The first of the Paralympic Games medals have been earned already - I'll be posting a blog soon on how to use .pbit files and update data sources using parameters.
COVID 19: New Zealand is now in Level 4
Today though I'm going to digress slightly from the celebratory mood of the Olympics and return to the COVID 19 data analysis. I've had a few requests from friends and family to dig up my old report and visualize what's going on in the NZ community (not including MIQ facilities). View the full COVID 19 NZ report in Power BI.
Question: What do the NZ Community COVID cases look?
The Ministry of Health website graphs all NZ cases, including those in Managed Isolation and Quarantine. It's difficult to get a good picture of how many community outbreak cases we're dealing with, and how that compares to the other outbreaks we've seen in New Zealand.
So what does the COVID 19 data look like over time if you remove the Managed Isolation & Quarantine cases?
Unfortunately, the Ministry of Health website has changed quite a bit since I first created the COVID report, and there are no longer any web based tables available to use as data source.
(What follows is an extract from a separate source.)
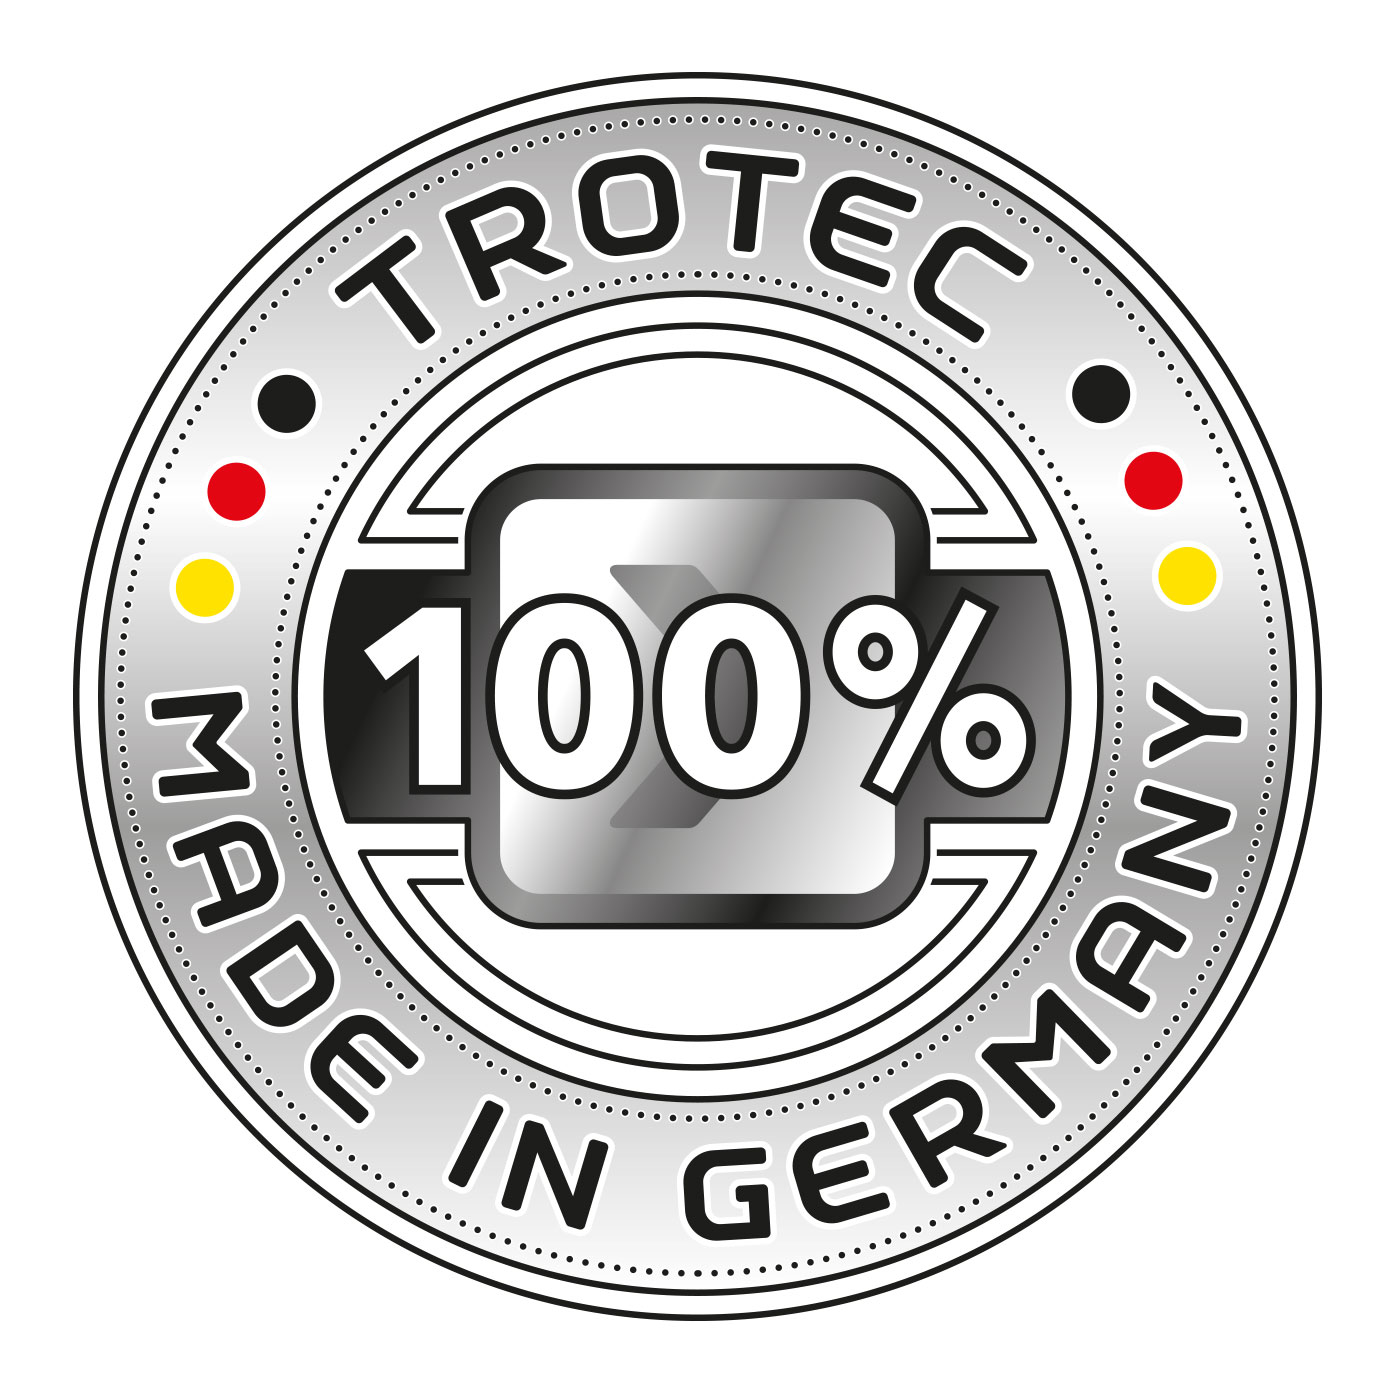 Profesionalna kvaliteta "made in Germany" - originalna proizvodnja tvrtke Trotec
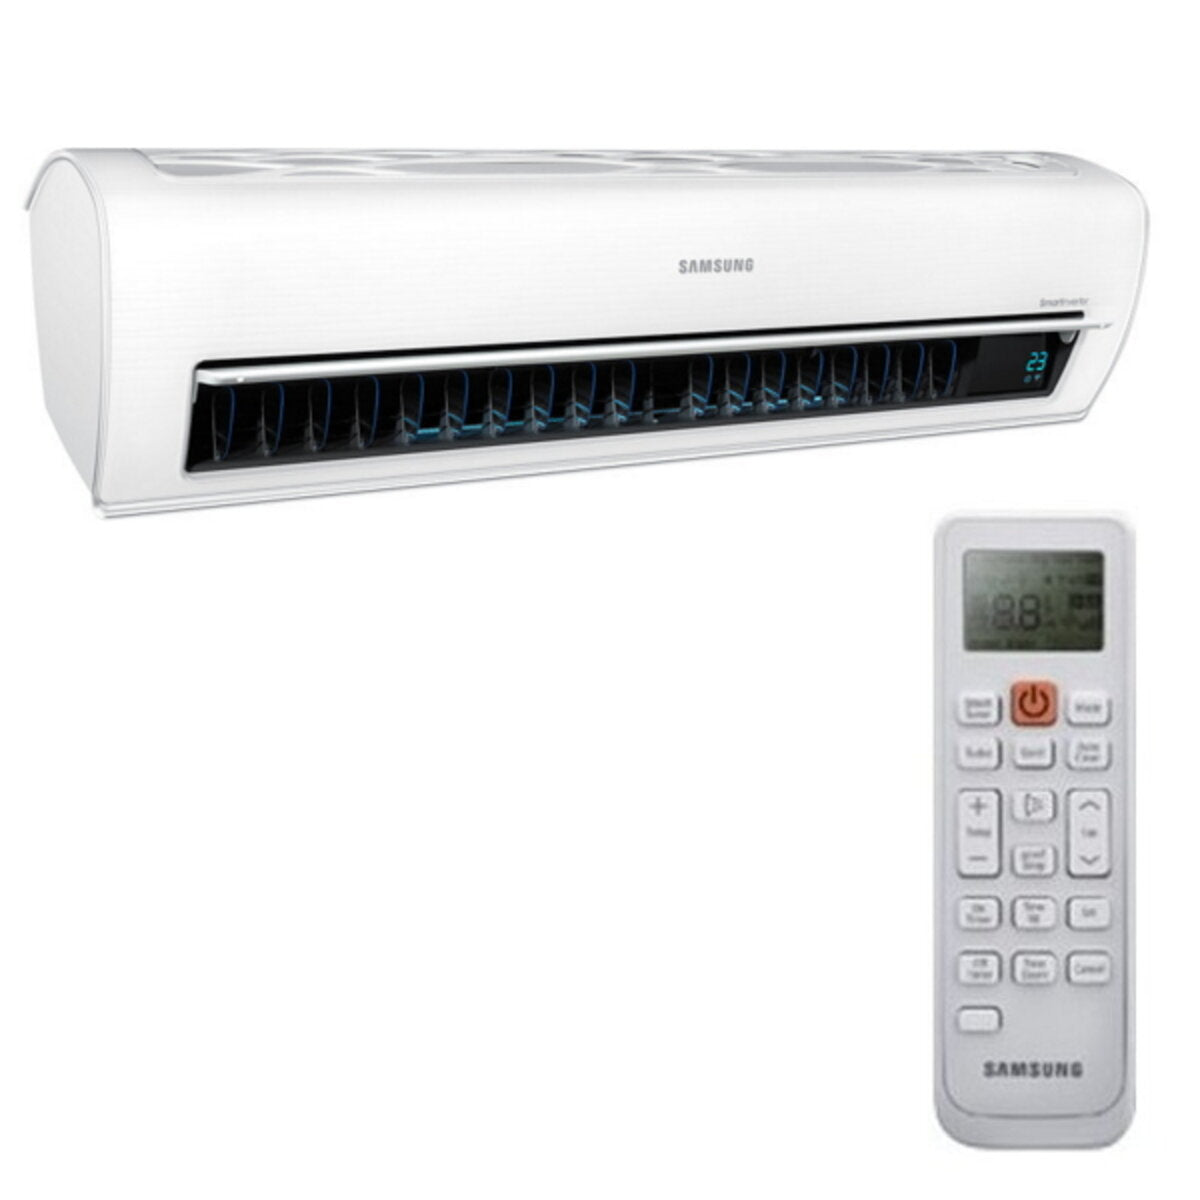 Samsung AR7000M split 7000 BTU indoor unit wifi inverter air conditioner

Challenge: Auto Refresh a Dynamic Data Source
Instead, all the data I need is uploaded daily in a CSV file which includes the name of the date in the filename. The web link to access this CSV file is:
https://www.health.govt.nz/system/files/documents/pages/covid_cases_2021-08-25.csv
In order to make the refresh dynamic, I'm going to use a few Power Query tricks.
Step 1: Identify Data Source parts
The CSV file seems to be uploaded between 1-4pm each day for that day, so if I schedule the refresh for 4pm daily I can use today's date as part of the data source URL.
Recall the URL is:
https://www.health.govt.nz/system/files/documents/pages/covid_cases_2021-08-25.csv
We're going to break this into:
- Root website: https://www.health.govt.nz
- Relative path part 1: /system/files/documents/pages/covid_cases_
- Relative path part 2: 2021-08-25
- Relative path part 3: .csv
Note the Relative path part 2 matches today's date in the format: yyyy-MM-dd
Step 2: Generate Dynamic Relative path part
I can't use a normal parameter for the Relative path part 2 because I need it to update automatically on refresh. So, I'm going to create a new blank query instead. This Query is really simple, just has one step that combines a few M code date functions:
letSource = Date.ToText(Date.From(DateTime.FixedLocalNow()), "yyyy-MM-dd")inSource
I have named this query: DateCSV
Step 3: Use relative path to get Dynamic Data
Normally we'd be able to split the URL into parts, but with a dynamic data source that will give an error.
INCORRECT Code
letSource = Web.Contents("https://www.health.govt.nz/system/files/documents/pages/covid_cases_"&DateCSV&".csv")inSource
Unfortunately, if you use the above Source code and Publish to PowerBI.com, you'll get the following error explaining that dynamic data sources cannot be refreshed in the Power BI service:
This error is not very helpful - it doesn't even specify the correct name of the query, instead just referring to 'Query1'.
When you follow the link to Learn more from the error message, you will find a short message that doesn't quite provide you with enough information to resolve the data error:
In most cases, Power BI datasets that use dynamic data sources cannot be refreshed in the Power BI service. There are a few exceptions in which dynamic data sources can be refreshed in the Power BI service, such as when using the RelativePath and Query options with the Web.Contents M function. Queries that reference Power Query parameters can also be refreshed.
Picking up on the keywords, a quick web search for "RelativePath and Query options with the Web.Contents M function" returns Chris Webb's super helpful blog.CrossJoin post Using The RelativePath And Query Options With Web.Contents() In Power Query And Power BI M Code, to which I have referred many times.
Finally, we're getting somewhere and you may finally be able to see why I split the URL into a Root path and four Relative paths in Step 1.
CORRECT Code
letSource = Web.Contents("https://www.health.govt.nz", [RelativePath = "/system/files/documents/pages/covid_cases_"&DateCSV&".csv"])inSource
This correct code uses a static URL for the Web.Contents() function. You'll find this process easier if the root URL is an actual functioning website, which is why my Relative Path part 1 is still static.
Now we can refer to the dynamic DateCSV query within the RelativePath portion of the Web.Contents() function and overcome the dynamic data refresh limitations in Power BI service.
Voila! Now we can schedule a refresh on this dataset in Power BI service.